FIG. 1 is a flowchart of an embodiment of the present invention, FIG. 2 is a diagram showing an example of four pin pairs and wiring areas to be connected, and FIGS. 3 to 9 show an example of the embodiment of FIG. 1. 2 is a wiring diagram showing the processing process when applied to the wiring connection, FIG. 10 is a diagram for explaining the mechanism for suppressing the infinite loop of the present invention, and FIGS. 11 and 12 are diagrams showing the process in the conventional automatic wiring method. 13 to 16 are diagrams illustrating failure examples and are diagrams for explaining the algorithm of the conventional climb-up method. 1.4,6. ~12...Pin pair, 5...

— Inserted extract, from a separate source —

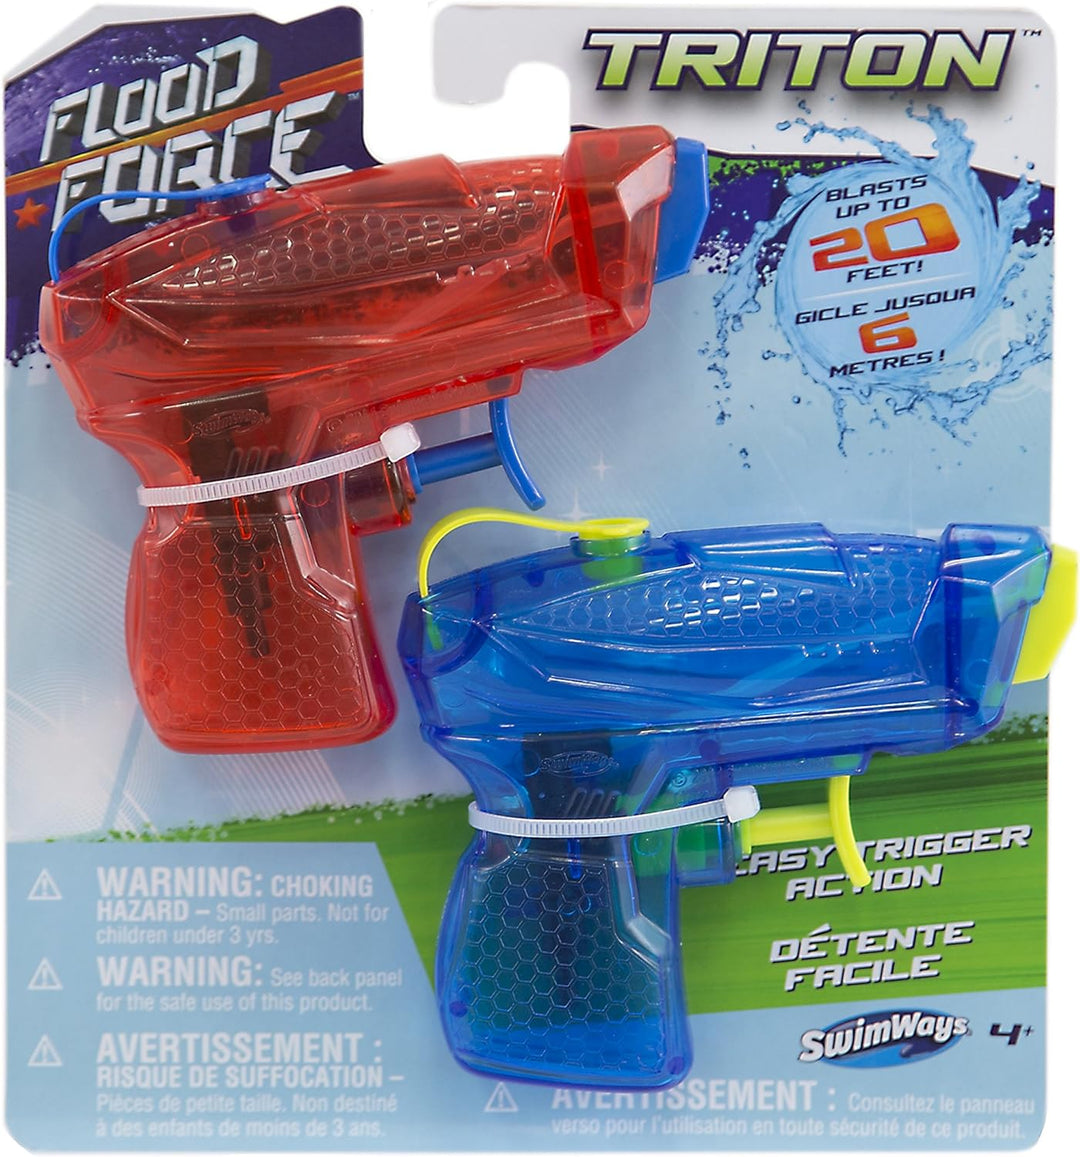 Flood Force Triton Water Guns

...Wiring area, 13, 14, 17.18...Pin, 15.16...Ripple arrival area. Agent Patent Attorney Uchihara Oto No. 1 Figure (a-) Figure 1 (b) 1977 (C) Figure 1 (4) Figure 1 (e) Ip 2) 3) 4: Pin Father A No. 2
Figure 3: Figure 4: Figure 5: Figure 7: Figure 8: Figure q (C): BAC Taku lθ Ward

Claims (1)

[Claims] A pre-processing process that arranges a given group of pin pairs to be connected in order of those closest to a given direction in the wiring area, and a first process that searches for a route along the aforementioned direction as much as possible in the order that is rearranged by this pre-processing process. When the route search fails in this first process, the second process re-executes the failed route search while tearing off the pin pair that has been connected so far, and if the second process also fails. a third process in which the route search is repeated while gradually increasing the number of pin pairs to be torn off; and a fourth process in which the order of wiring is locally changed as the number of pin pairs to be torn out increases through this third process. , a fifth process for providing a pointer indicating a situation in which the order has been swapped, if the connection of the pin pair is locally successful due to the change in the wiring order by the fourth process;
An automatic wiring method characterized by comprising a sixth process of tracing a pointer when changing the order of wiring in the fourth process and abandoning the connection if a loop state occurs.